One of the more exciting new fields in statistics and data analytics is that of machine learning. If you haven’t heard of it, you’ve almost definitely been affected by it. Companies and organisations from Netflix, Google, Apple, General Electric and even the NBA utilise and have used machine learning analysis to inform decision making. But, exactly what is machine learning, and why is everyone making such a fuss?
Arthur Samuel defined machine learning as the “Field of study that gives computers the ability to learn without being explicitly programmed.” Effectively, a machine learning program is one which improves its performance in the task it was programmed for, without the original programmer needing to do much more than write the initial algorithm. Applications are often in predicting changes with respect to a variety of variables, but there are many applications.
Machine learning tasks can be categorised into one of three groups:
- Supervised Learning
- Unsupervised Learning
- Reinforcement Learning
In this group of tasks, the computer is given a set of inputs and the desired output. For instance, a good example given here is the email Spam filter. A set of emails (the inputs) labelled as Spam by a user (the label is the desired output) are given to the computer. The machine learning program then processes the data set to determine, using a particular algorithm which was decided on beforehand by the programmer, what the relationship is between the input and the desired output. So, the computer will learn what you think Spam is and continuously improve. Put simply, this means fewer Nigerian 419 scams.
In this group of tasks, the computer isn’t told what the correct output is…that’s because the programmer doesn’t necessarily know! All they want to know is what would be a good way to group or “cluster” the data together, into groups that make sense. For example if you have a massive database of pictures, but no labels on them, you could feed the database through an unsupervised algorithm which would deduce common characteristics among pictures, and group them accordingly.
Of course, the computer wouldn’t know what to actually call the groups of common pictures, but a human could simply give the categories names afterwards.
This group of tasks was well summarised here as “learning by trial and error”. This type of task is well suited to computers, which can perform repetitive tasks at immense speed. The computer is allowed to interact with an environment and is “rewarded” (likely based on input provided by the programmer) - encouraging that approach.
For example: imagine that you wanted a robot that walked, but you didn’t have the time or were too lazy to spend hours pre-defining how it should walk (i.e that it needs to put one leg forward first, then the next). What you could do is let it “learn” by itself how to walk, and give it a “reward” for moving forward. In this way, it will work out for itself how to move forward, motivated by the reward. This video is a great visual example of reinforcement learning in action.
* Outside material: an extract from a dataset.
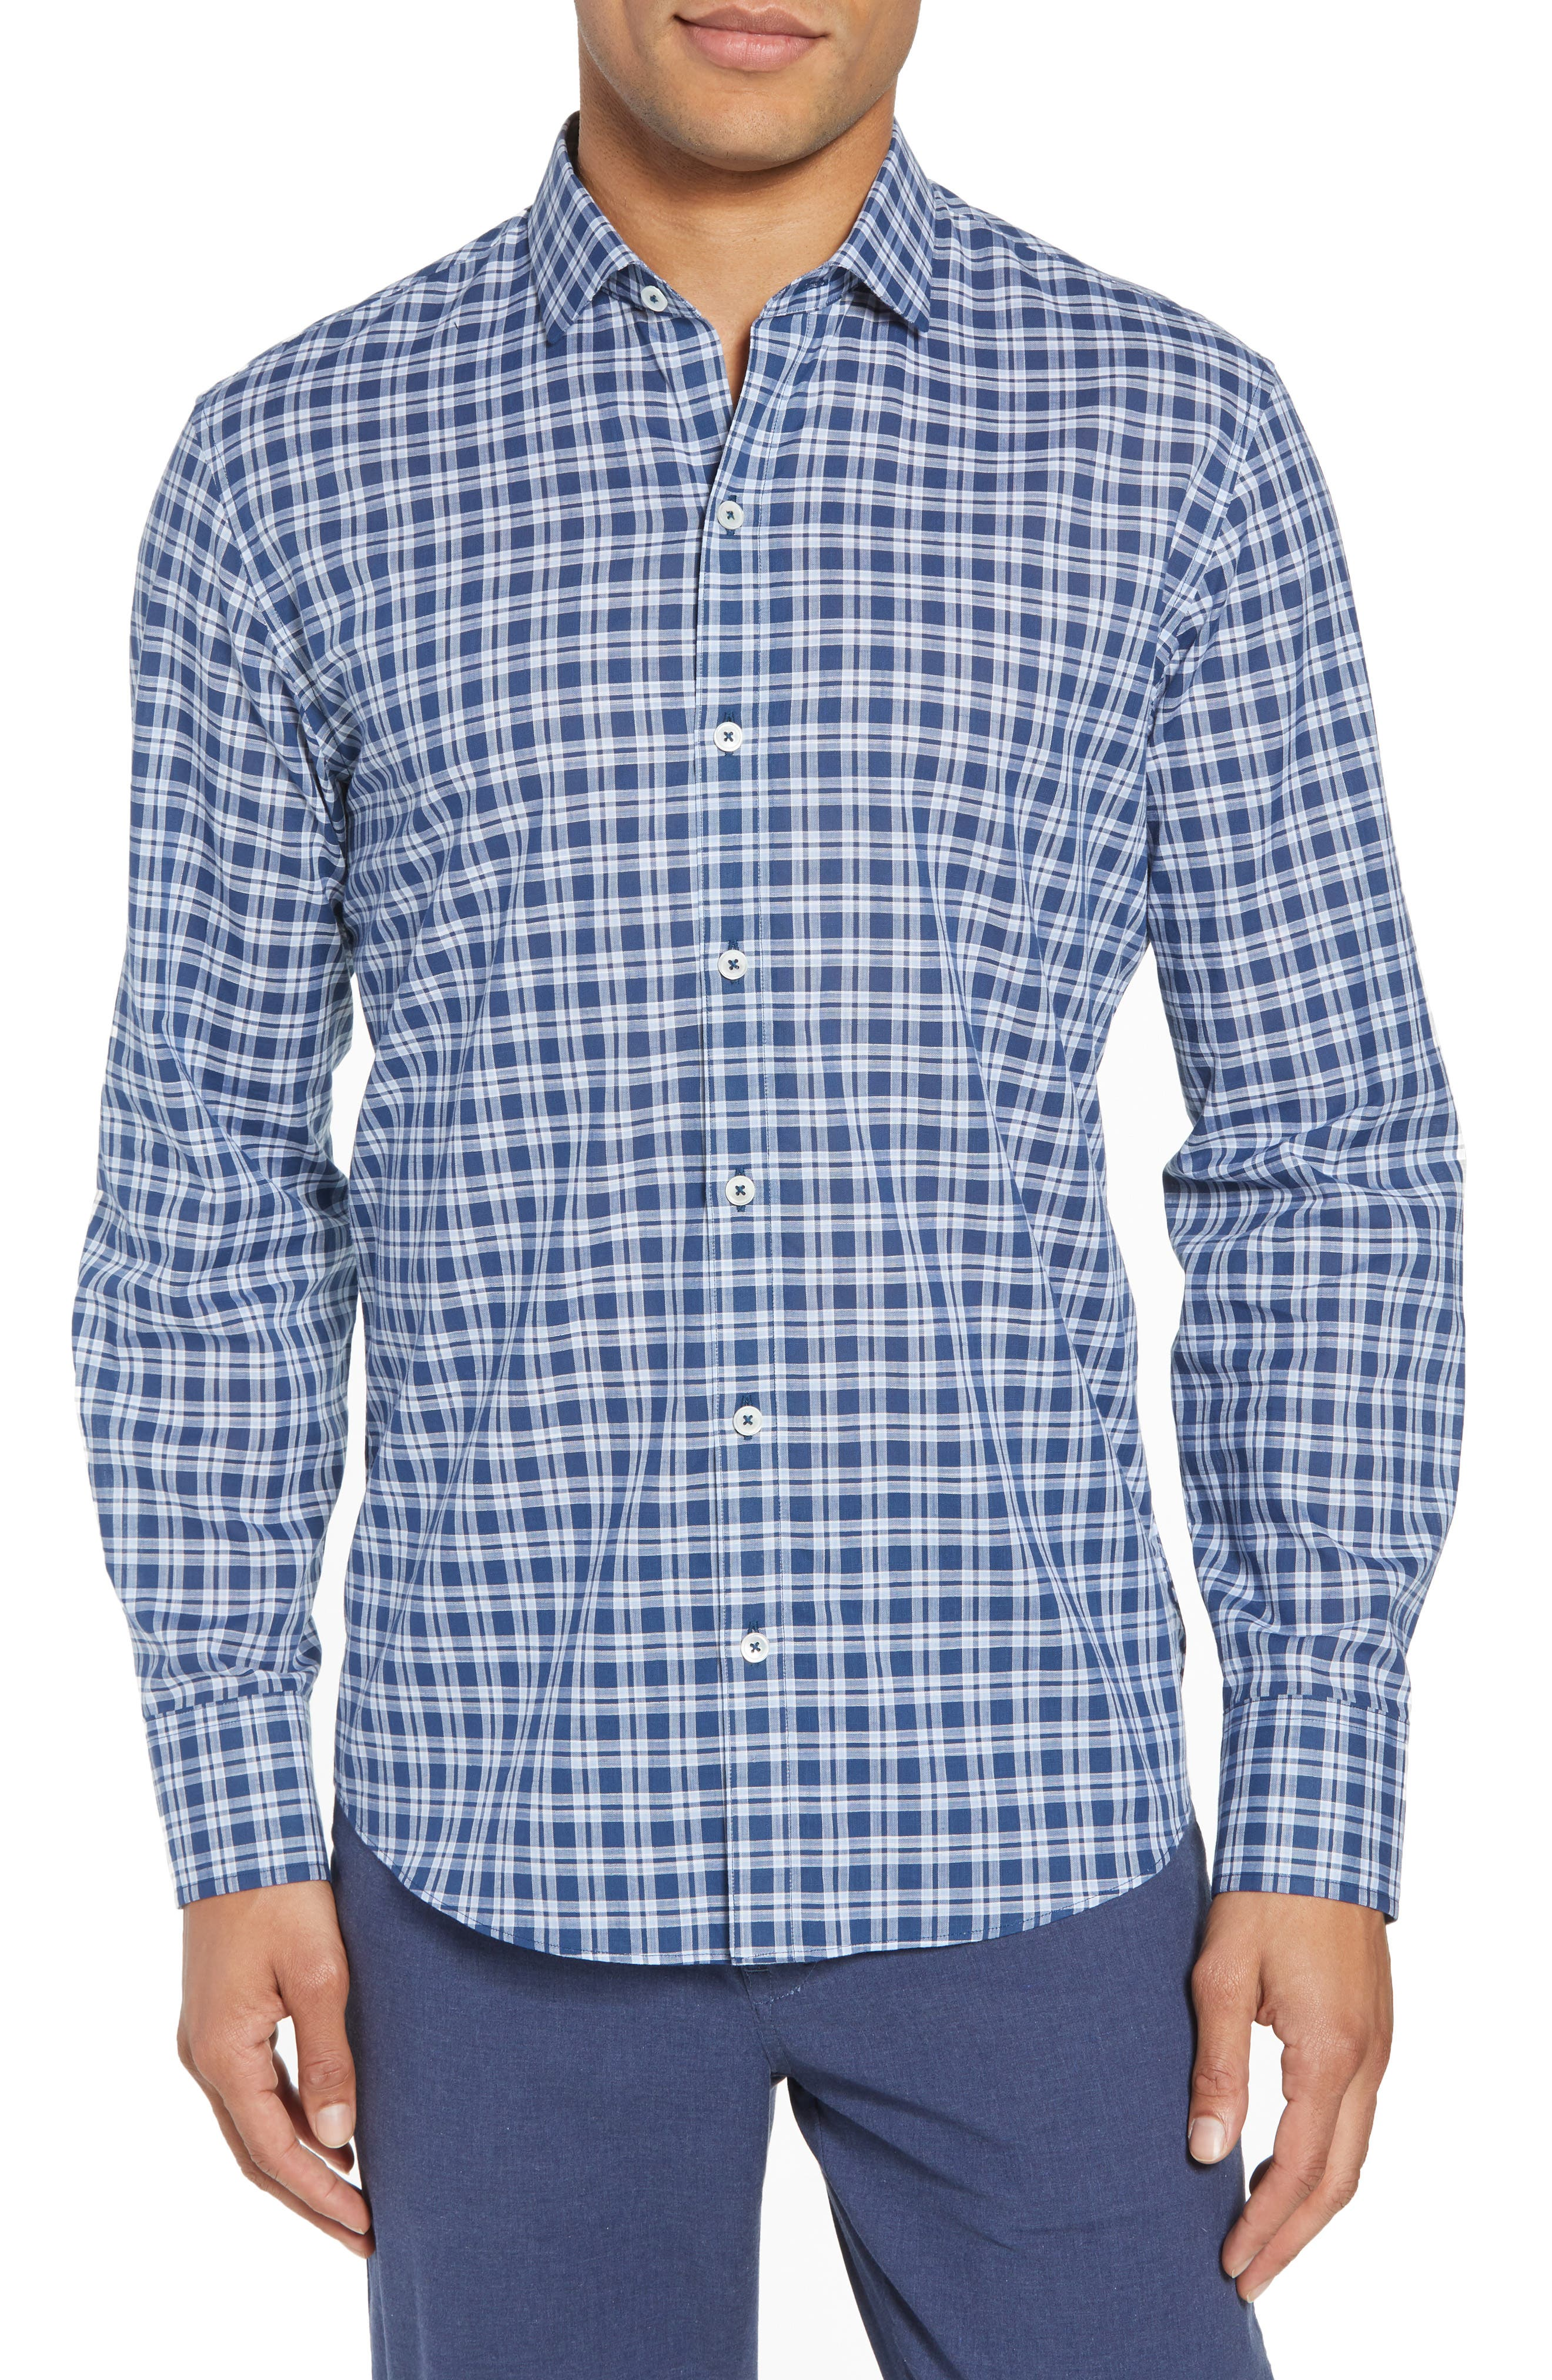 Speer Regular Fit Sport Shirt,                             Main thumbnail 1, color,                             424
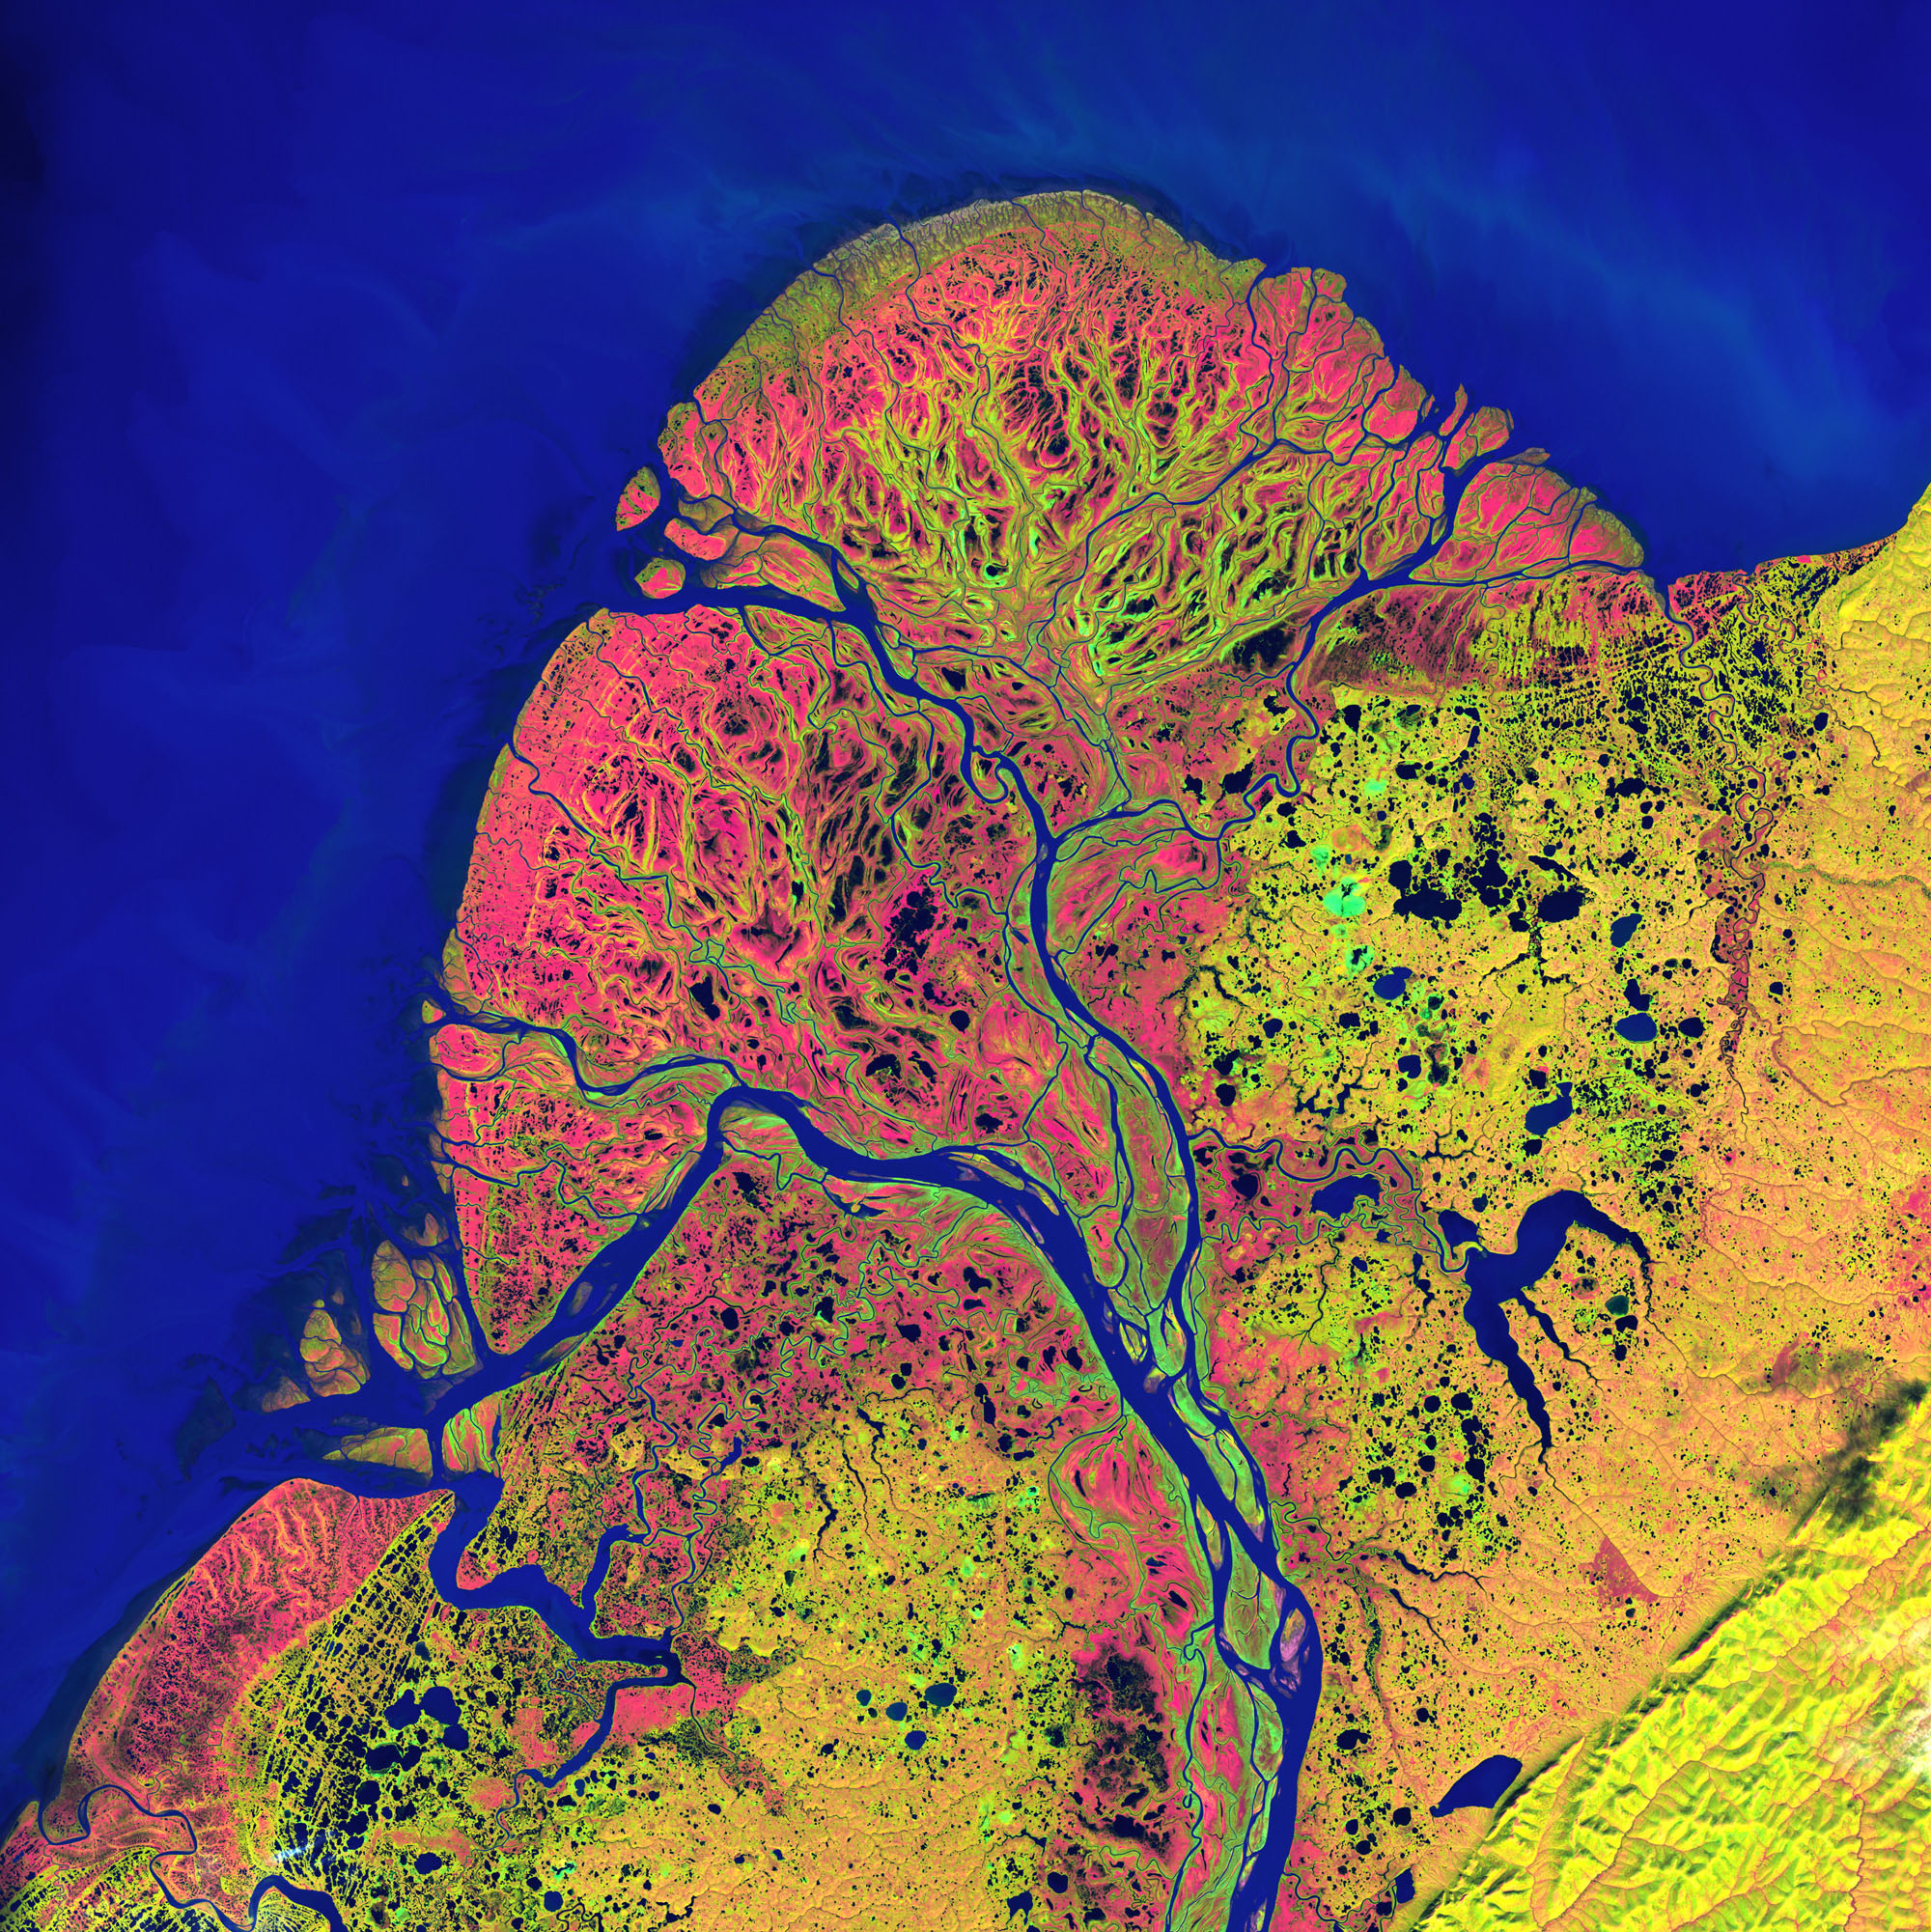 Earth from Space: Yukon Delta by NASA

There are huge possibilities for machine learning in the field of Finance. For instance, consumer credit scores could be assigned based on machine learning algorithms’ results. For example, instead of a bank comparing the credit performance of its consumers based on factors that it chooses beforehand, it could simply let a machine learning algorithm loose in its massive database to decide for itself what the best variables are for assigning credit scores in the future.
Or, a firm could develop a high-frequency trading algorithm which utilises machine learning to uncover relationships between different stocks and economic variables which may not have been considered beforehand.
Finally, machine learning is not just being used for financial gain. The field of Medicine is yet another area where machine learning has value, with algorithms being used to aid diagnosis and even identify melanoma on the skin!
The point? Expect to hear a lot more about machine learning in the future.